Update: As a concrete example, consider a sequence of random variables $y_1, \ldots, y_n$ such that $y_i = \beta_0 + \beta_1 x_i + \epsilon_i$ where $\epsilon_i$ is assumed to be i.i.d. $N(0,\sigma^2)$, with $\sigma^2$ known. Additionally, assume that $n$ is even. I am trying to find the Fisher Information Matrix for $\beta = (\beta_1, \beta_2)$. I know that the log-likelihood for one observation is:

$$ l(\beta_0, \beta_1) \propto -\frac{1}{2\sigma^2}(y-\beta_0-\beta_1x)^2 $$

Hence, we have that the observed information matrix (before the expectation), is:

$\frac{\partial^2 l}{\partial \beta_0^2}= \frac{-1}{\sigma^2}$, $\frac{\partial^2 l}{\partial \beta_1^2}= \frac{-x^2}{\sigma^2}$, and $\frac{\partial^2 l}{\partial \beta_0 \partial \beta_1} = \frac{-x}{\sigma^2}$.

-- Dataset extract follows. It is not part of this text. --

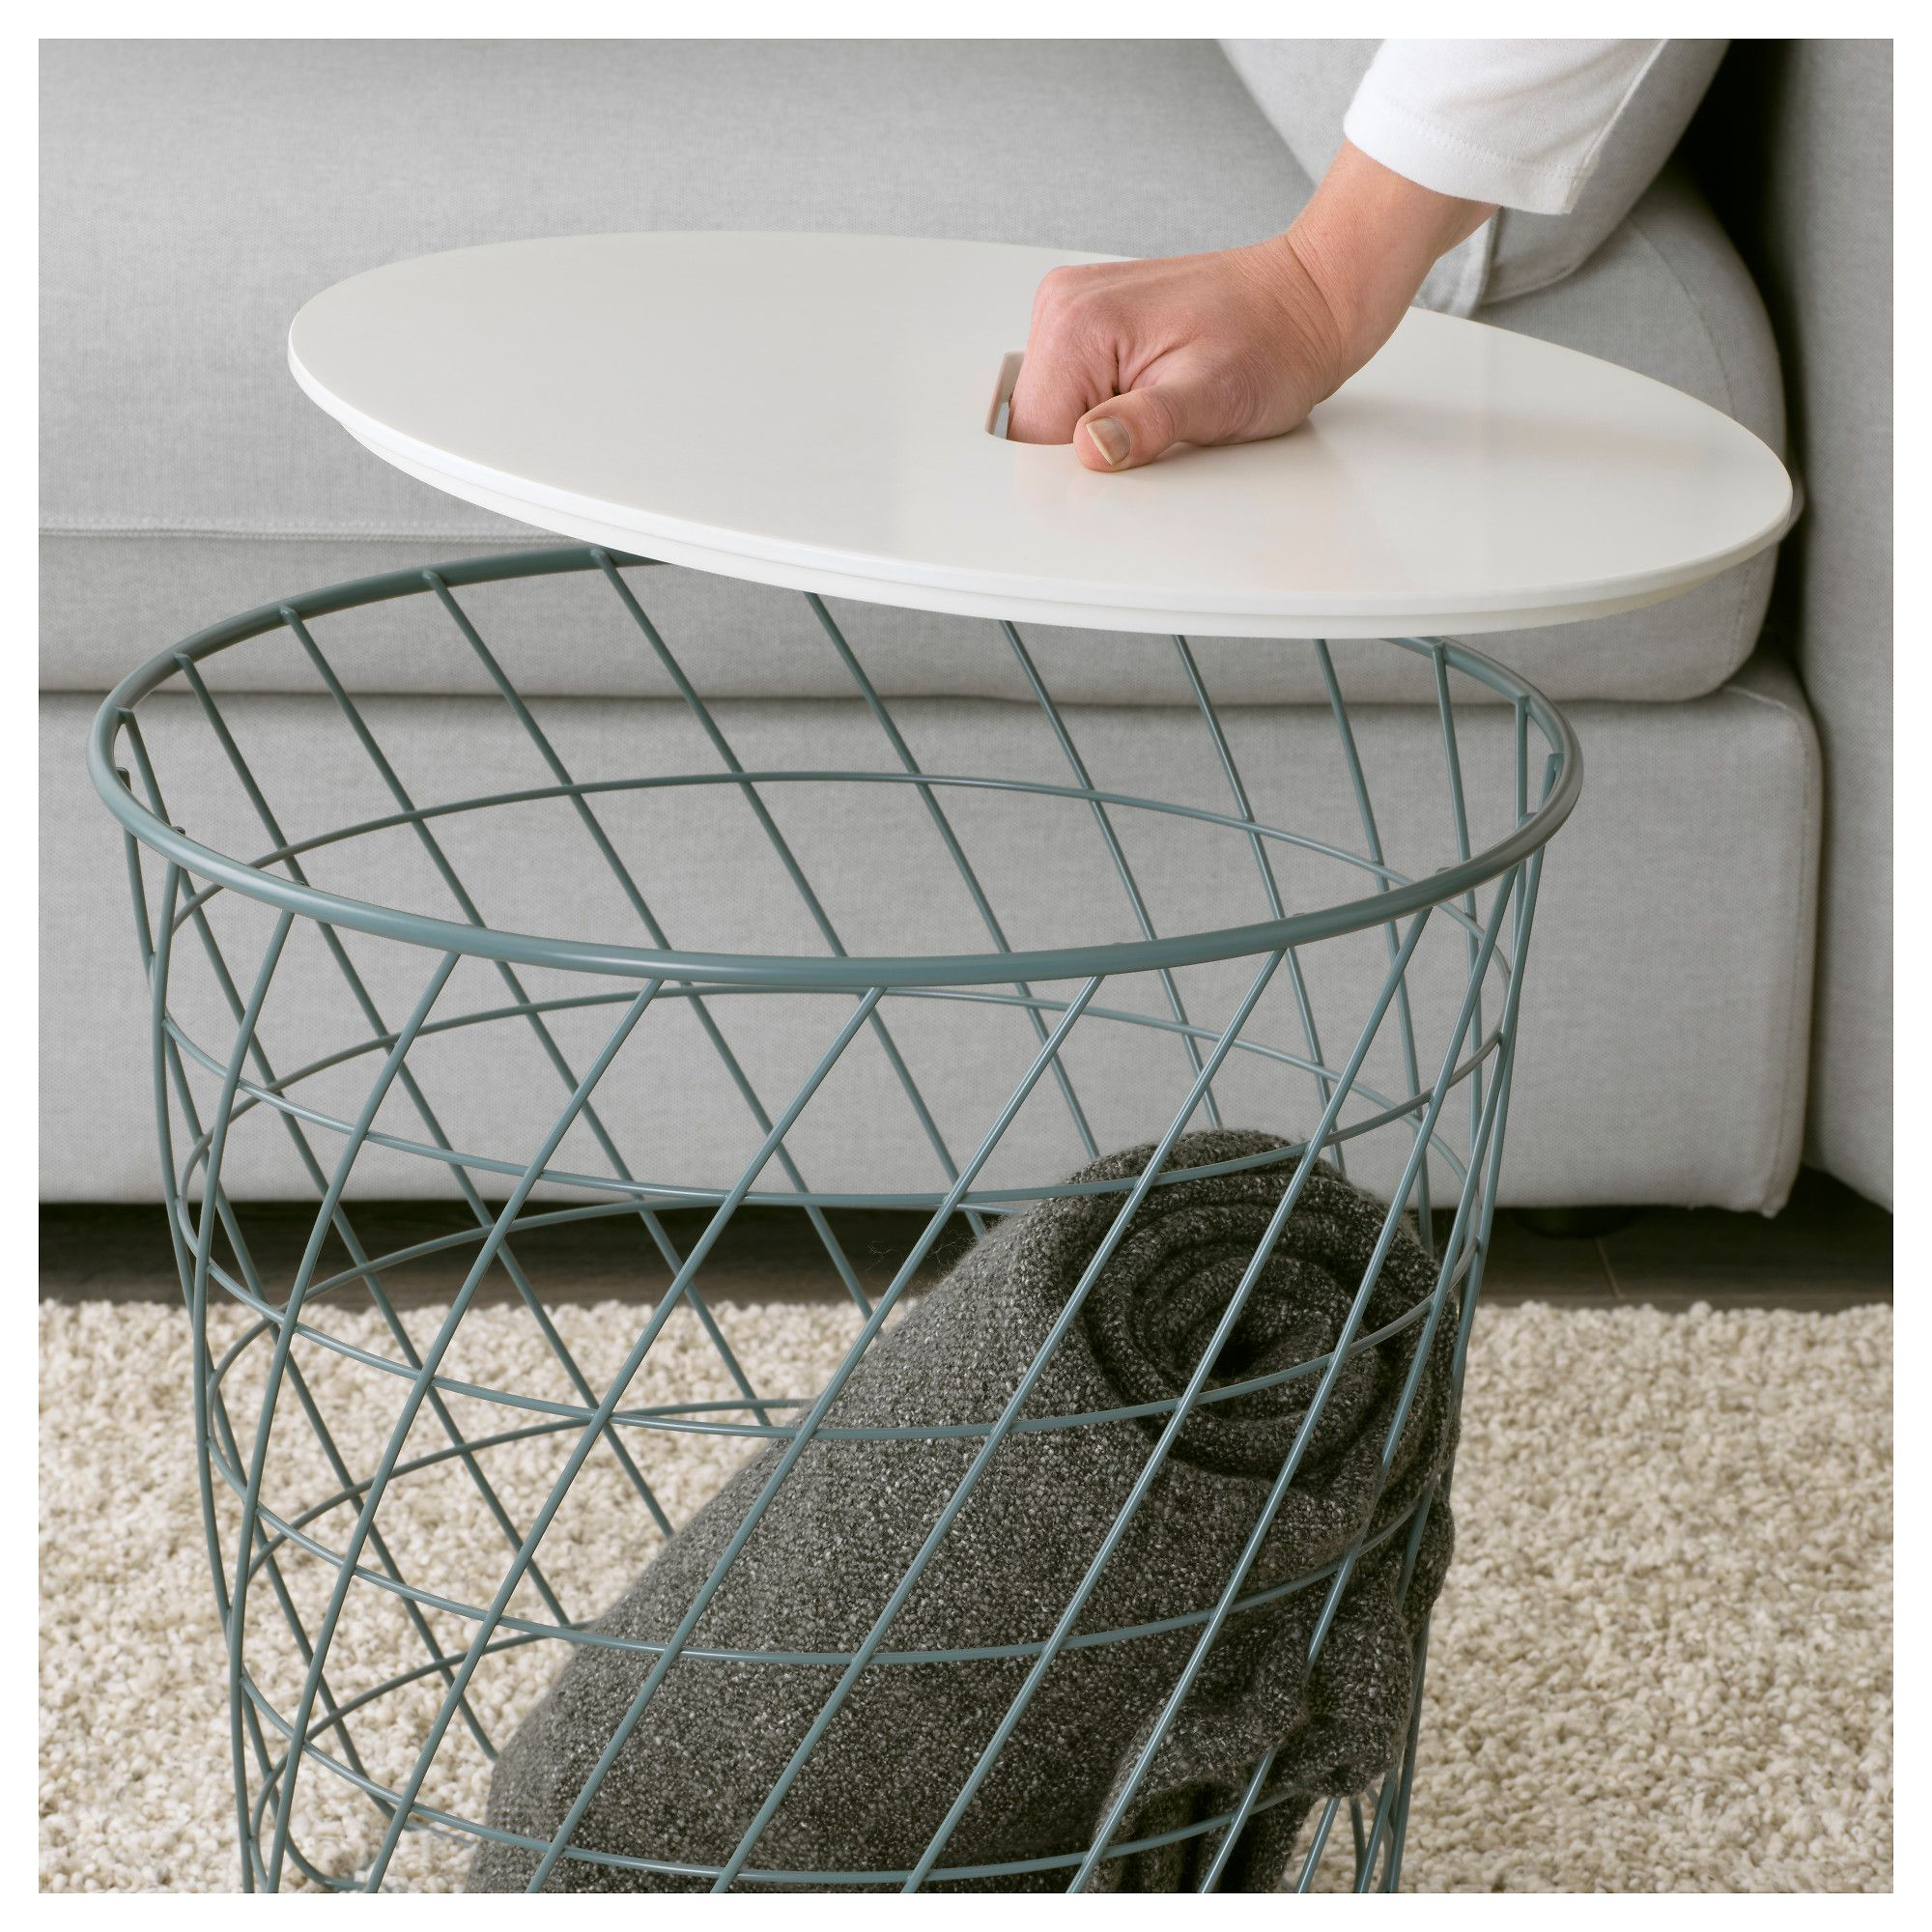 KVISTBRO τραπέζι με αποθηκευτικό χώρο IKEA

Thus the information matrix for a single observation is: $$ -E\left(\frac{\partial^2 l}{\partial \beta^2}\right) =\frac{1}{\sigma^2}\left( \begin{array}{ccc} 1 & x \\ x & x^2 \end{array}\right) $$

and the information matrix for n pairs of observations $(x_i, y_i)$ is given by:

$$ I(\beta_0, \beta_1) =\frac{1}{\sigma^2}\left( \begin{array}{ccc} n & \sum_{i=1}^{n}x_i \\ \sum_{i=1}^{n}x_i & \sum_{i=1}^{n}x_i^2 \end{array}\right) $$

Above, because the fisher information is additive, all we did to move from the single observation to the multiple observation case was just to add entry by entry. HOWEVER, I know that in general if $Y_1, \ldots, Y_n$ are iid, then $I(\theta) = nI_1(\theta)$. My question is, why is it NOT the case above we could have just multiplied each entry by $n$, and instead had to add?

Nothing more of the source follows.